La campagne de dons continue...


Je n'imaginais pas une telle participation, un tel soutien. Merci infiniment !!!

Le film est dans la boîte, bientôt beau et fort, grâce à vous, et nous allons pouvoir le présenter au monde...

Reste la dernière étape : lancer sa diffusion, préparer sa sortie et faire en sorte qu'il soit vu le plus largement possible.

Les dons supplémentaires serviront à la création des copies cinéma et autres supports de diffusion, à la création et l'impression des affiches et autres supports de communication, à l'inscription du film en festival national et international, à l'organisation de séances privées pour la presse, à la création de séances débats à travers la France. 

J'ai tellement hâte de m'asseoir dans une salle de cinéma à vos côtés pour le regarder et en discuter !

Dans peu de temps je l'espère... C'est la dernière ligne droite ! Un immense merci encore.






Un film sur l'exil


L’Aventure, c’est une histoire qui se passe dans les montagnes où je suis née et où je vis encore.

Une histoire de rencontres, de bouleversements, de transformations.
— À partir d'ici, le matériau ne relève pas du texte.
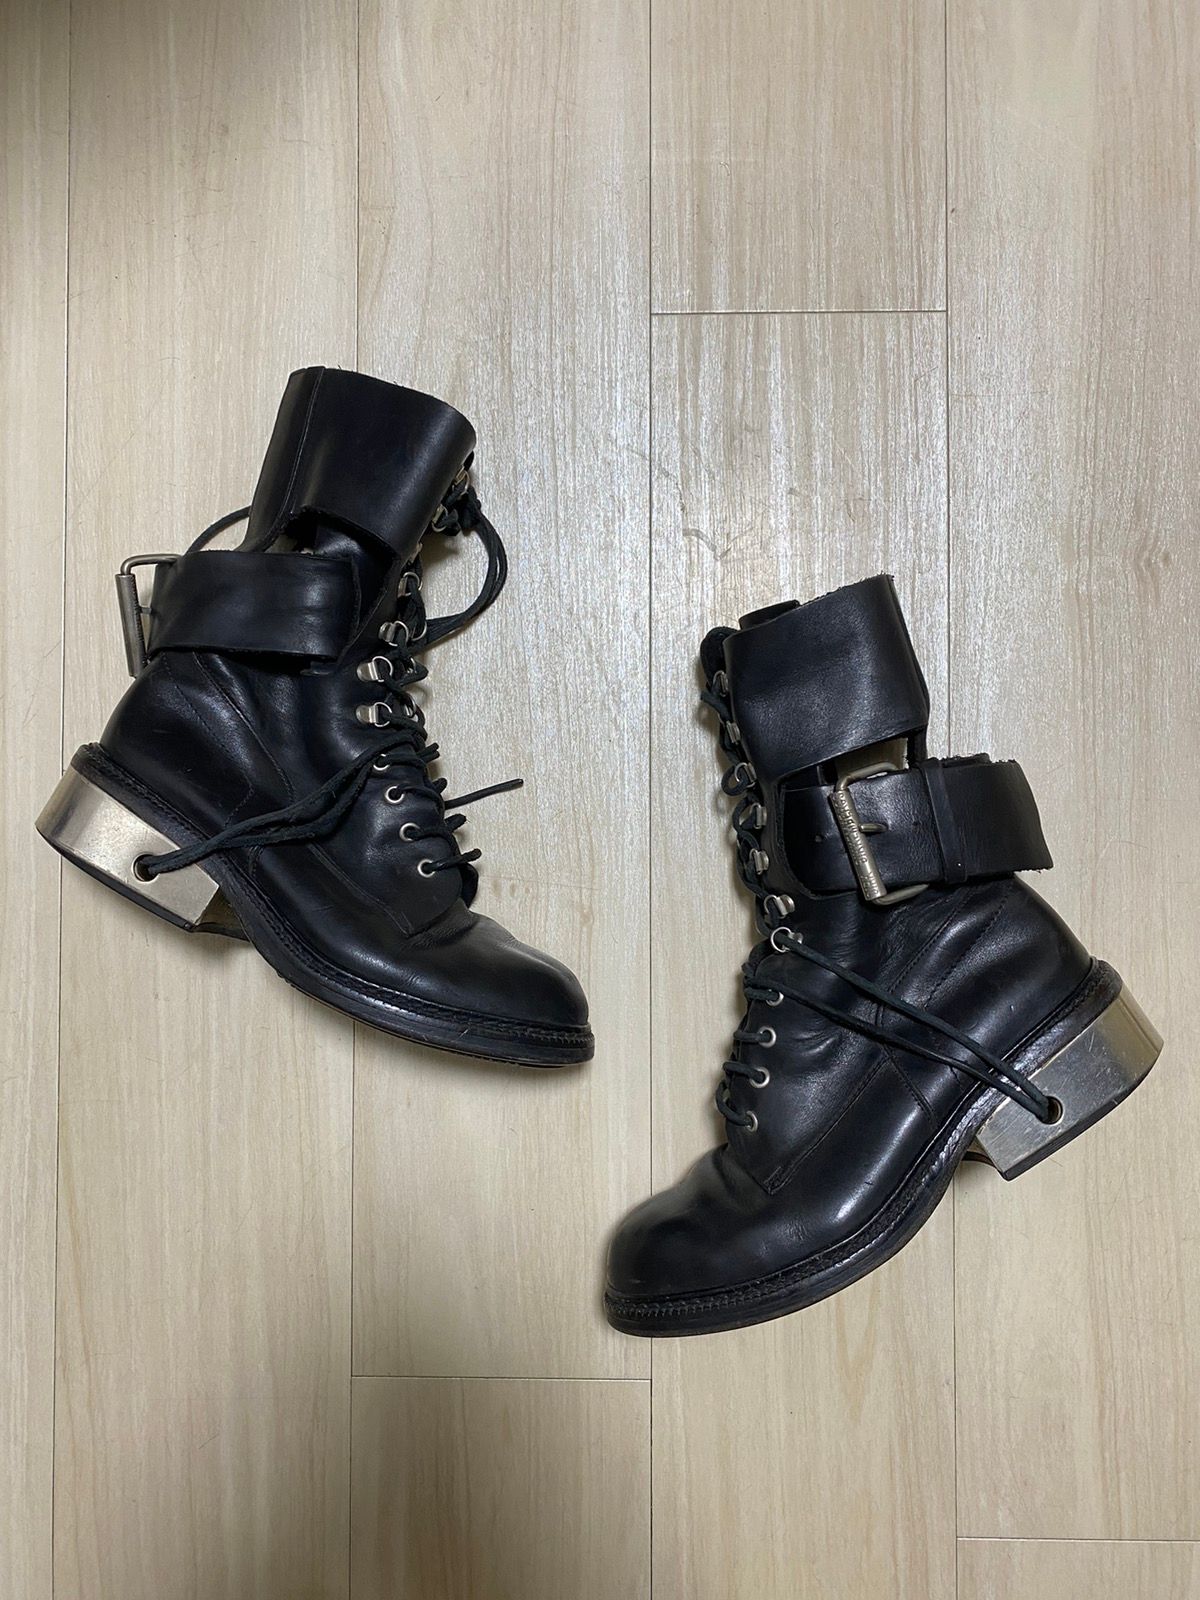 Pre-owned Dirk Bikkembergs Black Metal Lace Through Heel Shoes Boots 1994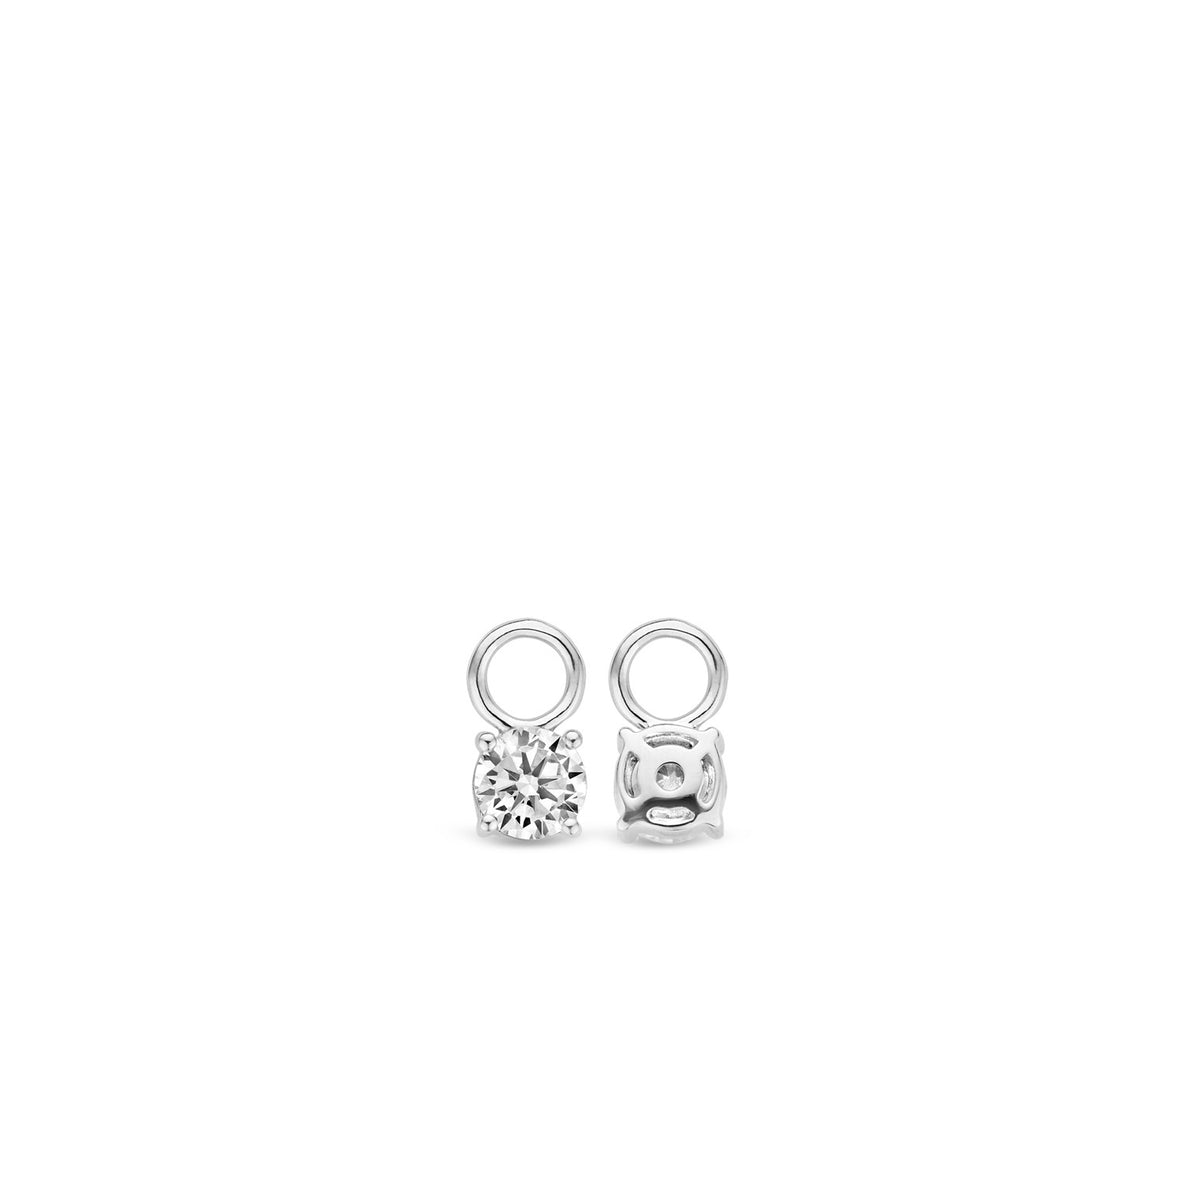 TI SENTO Sterling Silver Four Prong Cubic Zirconia Ear Charms

Des hommes et des femmes sur les routes de l’exil trouvent le courage de passer de l’Italie à la France par nos cols de montagne, à pieds, au péril de leur vie.

Ils arrivent dans la ville de Briançon, sont accueillis, réchauffés, soignés, nourris.

Ils entrent dans nos vies et deviennent Mamadou, Ossoul, André, Charlotte, Justin, Allassane, Oumar, Ali, Adam, Hervé, Aurélia.

Je commence à les filmer.

Surgit alors l’intime de leurs voix qui racontent la route, les cauchemars, les grands espoirs, les manques infinis, les souvenirs d’enfance, les questionnements sans trêve, les ressources où trouver les forces de se lancer dans ce qu’ils appellent l’aventure.

Peu à peu, les montagnes résonnent de leurs histoires à tous, les paysages de mon enfance se redessinent et deviennent le théâtre de l’exil, aux échos universels.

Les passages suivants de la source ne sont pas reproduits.